In primo luogo il datore di lavoro lamentava l’erronea individuazione dell’età del danneggiato, che aveva 26 anni e non 25 alla data della domanda, posto che il danno permanente avrebbe dovuto essere valutato all’esito dell’inabilità temporanea e, quindi, con riferimento all’età all’epoca posseduta. La Corte accoglie detto motivo, chiarendo come, nella liquidazione del danno biologico permanente, occorra far riferimento all’età della vittima non al momento del sinistro, bensì a quello di cessazione dell’invalidità temporanea, poiché solo a partire da tale momento, con il consolidamento delle conseguenze fisiche o psichiche derivanti dall’infortunio, quel danno può dirsi venuto a esistenza.
Il datore rilevava, inoltre, l’erroneità della pronuncia del giudice di seconde cure nel momento in cui aveva dato luogo all’automatica personalizzazione del danno, anche in assenza di precise allegazioni a opera del lavoratore. Sul punto, la Cassazione è chiara nel sancire la fondatezza del motivo, non essendo stata motivata la personalizzazione in relazione alle allegazioni della parte ed essendo onere del giudice dar conto espressamente delle specifiche circostanze – o indicate dalla parte o, comunque, risultanti dagli atti – che valgono a superare le conseguenze ordinarie già previste e compensate dalla liquidazione forfettizzata assicurata dalle previsioni tabellari.

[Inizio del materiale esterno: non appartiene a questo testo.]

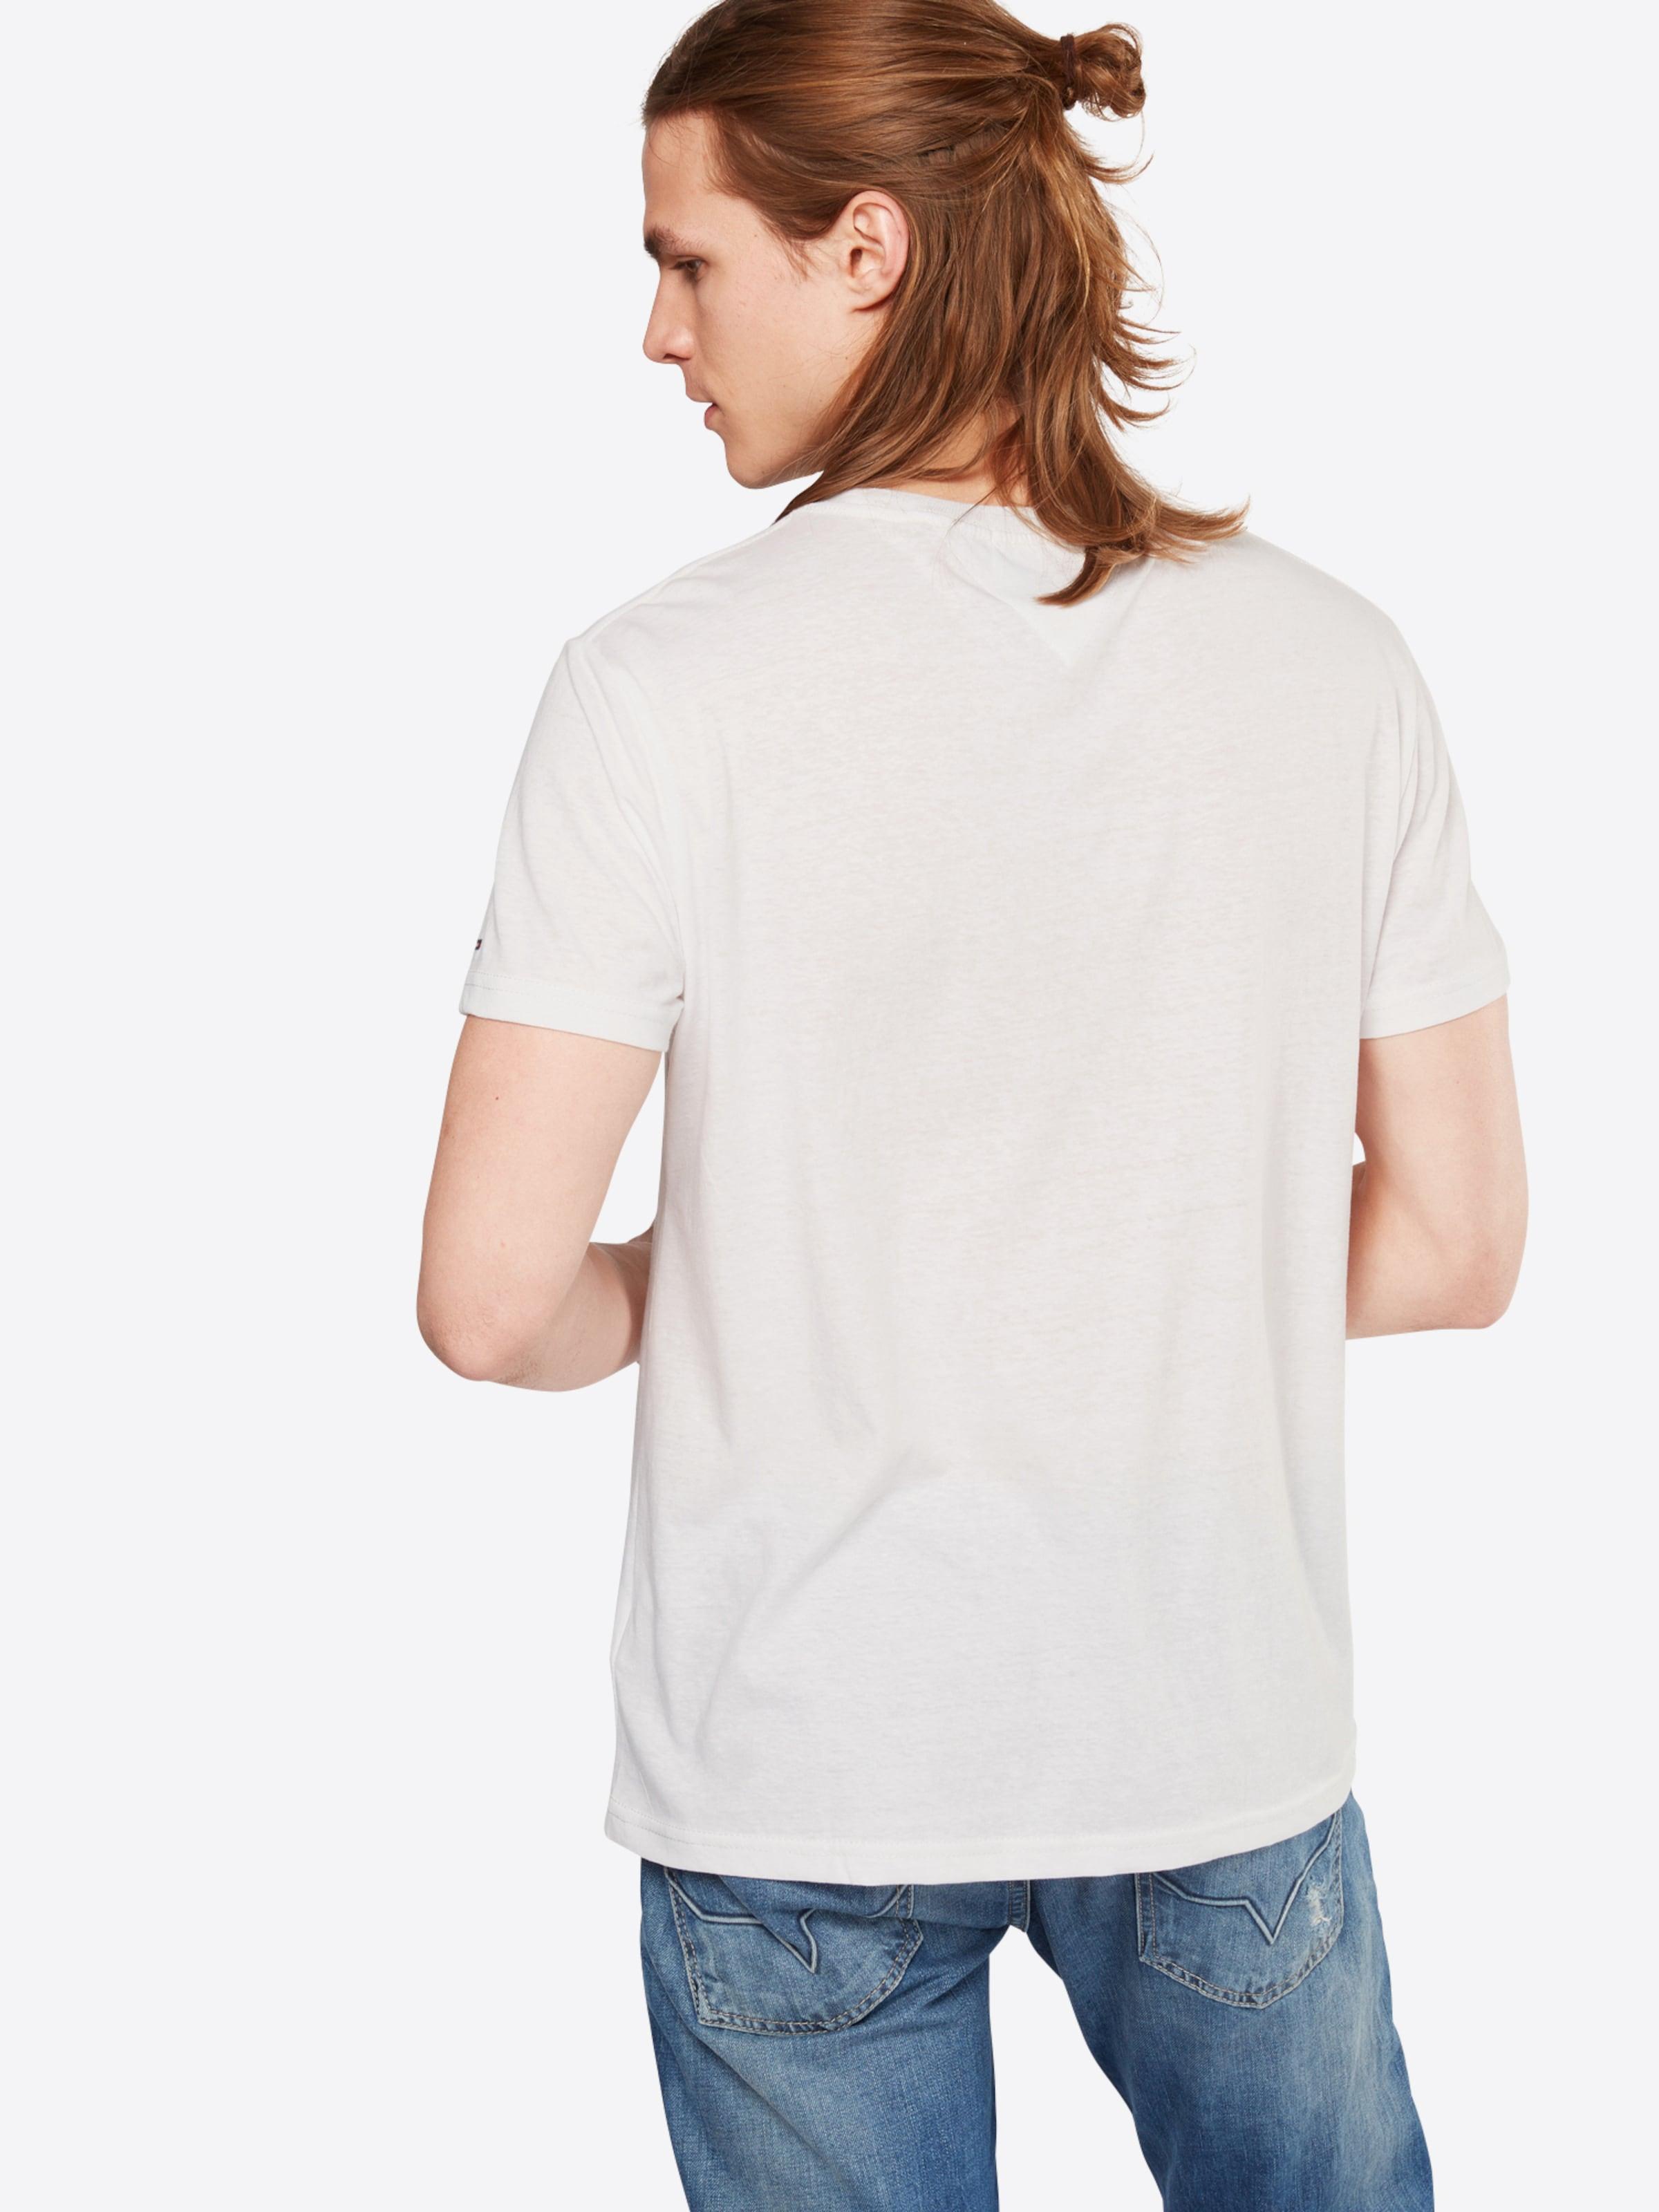 Für Billigen Rabatt Tommy Jeans T-Shirt 'TJM ESSENTIAL LOGO' Verkauf Truhe Finish p3DEwRO

Ancora, il datore deduceva la violazione dell’art. 1223 c.c., per gli interessi calcolati su somme integralmente rivalutate quale danno da lucro cessante. Nel dichiarare anche questo motivo fondato, i giudici di legittimità chiariscono che gli interessi si calcolano su somme “annualmente e via via rivalutate”.
Infine, con l’ultimo motivo di ricorso, il datore di lavoro lamentava la violazione dell’art. 1218 c.c., per la diversa decorrenza di interessi e rivalutazione in relazione a diversi tipi di danno. Nel dichiarare fondato il motivo, la Corte rileva che solo per il danno biologico temporaneo gli interessi relativi al lucro cessante da ritardo possono decorrere dalla data del sinistro, mentre per il danno biologico differenziale permanente, come per quello morale, gli interessi si calcolano dalla fine del periodo di invalidità temporanea, che rappresenta il momento a partire dal quale tali danni vanno liquidati.